Hendry Munief menyoroti bahwa perhatian pemerintah terhadap pendidikan vokasi makin berkurang. Hal itu disampaikannya melalui keterangan resmi pada Ahad (24/5/2026). Dia mengungkapkan hal itu dapat terlihat dari pengurangan beasiswa bagi para mahasiswa pendidikan vokasi akhir-akhir ini.
Pendidikan vokasi katanya memiliki peran strategis dalam mencetak tenaga kerja terampil yang siap terjun ke dunia industri. Oleh karena itu, pemerintah dinilai perlu memperkuat berbagai aspek pendukung, mulai dari beasiswa hingga penyediaan sarana dan prasarana pendidikan.
"Saat melakukan kunjungan ke Akademi Komunitas (AK) Tekstil Solo beberapa hari lalu ternyata beasiswa mahasiswa yang sudah tidak ada lagi. Pendidikan vokasi harus menjadi prioritas karena langsung menjawab kebutuhan industri. Dukungan beasiswa dan fasilitas belajar menjadi kunci.” ujarnya.
Dorong Penguatan Beasiswa KIP dan PIP
Baca: Pangdam XIX/Tuanku Tambusai Pimpin Sertijab Pejabat Strategis, Perkuat Soliditas Satuan
Hendry Munief juga mendorong pemerintah untuk memperkuat program beasiswa pendidikan vokasi, seperti Kartu Indonesia Pintar (KIP) dan Program Indonesia Pintar (PIP). Langkah ini dinilai penting untuk meningkatkan minat generasi muda dalam memilih jalur pendidikan vokasi.

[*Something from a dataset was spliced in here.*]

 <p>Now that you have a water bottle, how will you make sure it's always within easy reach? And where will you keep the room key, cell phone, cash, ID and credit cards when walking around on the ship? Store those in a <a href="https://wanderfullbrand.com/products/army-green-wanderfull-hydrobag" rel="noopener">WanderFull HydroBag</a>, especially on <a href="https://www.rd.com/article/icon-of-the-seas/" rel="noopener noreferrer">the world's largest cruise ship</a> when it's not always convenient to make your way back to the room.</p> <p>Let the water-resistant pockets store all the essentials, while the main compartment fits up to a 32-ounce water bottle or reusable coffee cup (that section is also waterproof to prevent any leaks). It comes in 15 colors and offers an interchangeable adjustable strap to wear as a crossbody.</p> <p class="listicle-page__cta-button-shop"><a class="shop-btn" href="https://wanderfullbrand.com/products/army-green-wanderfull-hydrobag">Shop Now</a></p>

Dengan adanya dukungan beasiswa, diharapkan akses pendidikan vokasi semakin terbuka luas bagi masyarakat, khususnya dari kalangan ekonomi menengah ke bawah.
“Beasiswa seperti KIP dan PIP harus diperkuat agar semakin banyak anak-anak kita tertarik masuk sekolah vokasi,” katanya.

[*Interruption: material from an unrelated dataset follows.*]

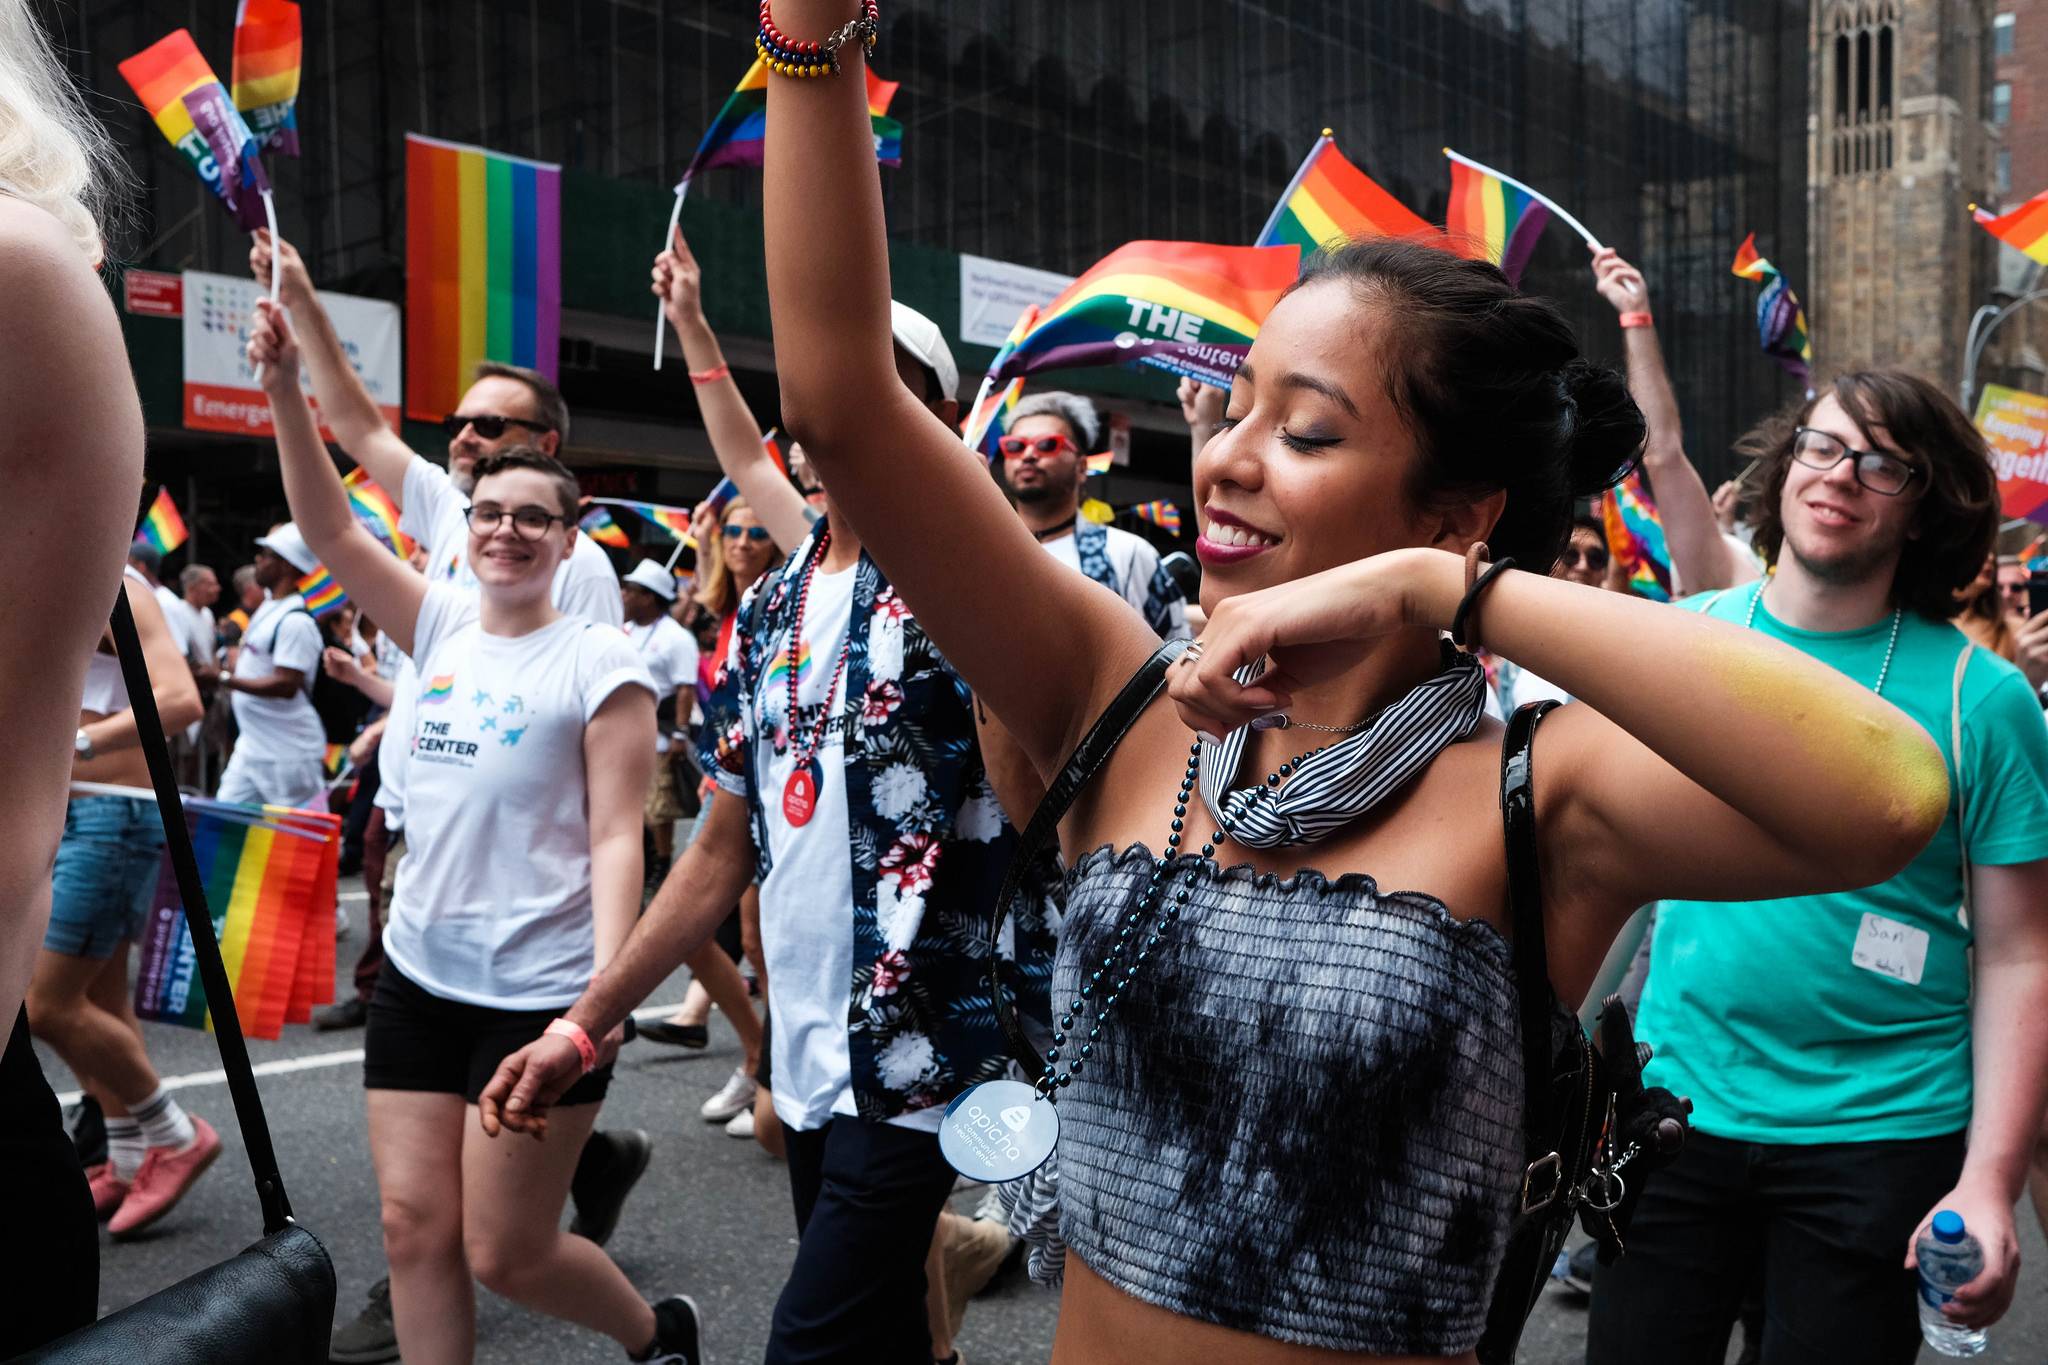 LGBTQ Americans want Pride to be more intersectional

CSR Industri Harus Dukung Pendidikan
Selain itu, Hendry turut mendorong Kementerian Perindustrian agar mengarahkan program Corporate Social Responsibility (CSR) dari pelaku industri ke sektor pendidikan vokasi. Bentuk dukungan tersebut dapat berupa penyediaan peralatan praktik, bantuan beasiswa, hingga jaminan kerja bagi lulusan.
Baca: Perbatasan RI–Malaysia di Kaltara Dinilai Rawan, Umbu Kabunang: Garis Depan Harus Jadi Prioritas
“CSR industri jangan hanya fokus pada kegiatan sosial umum, tetapi juga harus menyentuh pendidikan vokasi melalui bantuan alat, beasiswa, dan bahkan jaminan kerja,” tegasnya.
Pendidikan Vokasi Jadi Kunci Daya Saing
Hendry menambahkan, penguatan pendidikan vokasi merupakan langkah strategis dalam meningkatkan daya saing tenaga kerja Indonesia di tengah persaingan global.
Ia menekankan bahwa kolaborasi antara pemerintah, dunia industri, dan lembaga pendidikan menjadi faktor utama dalam menciptakan ekosistem vokasi yang kuat dan berkelanjutan.
“Kalau kita serius membangun pendidikan vokasi, maka kita sedang menyiapkan masa depan tenaga kerja Indonesia yang lebih kompetitif,” pungkasnya.
Riau Punya Potensi Besar Kembangkan Vokasi
Baca: Hendry Munief Dorong Penguatan Pendidikan Vokasi dan Evaluasi Serius KUR KIPK Industri
Sebagai wakil rakyat dari daerah pemilihan Riau, Hendry menilai provinsi tersebut memiliki potensi besar dalam pengembangan pendidikan vokasi. Hal ini tidak terlepas dari banyaknya sektor industri yang beroperasi di wilayah tersebut.
Menurutnya, keberadaan industri di Riau dapat menjadi mitra strategis dalam mendukung pendidikan vokasi, baik melalui program pelatihan, penyediaan alat praktik, hingga penyerapan tenaga kerja.
“Riau punya basis industri yang kuat. Ini harus disinergikan dengan dunia pendidikan vokasi agar menciptakan SDM unggul,” jelasnya.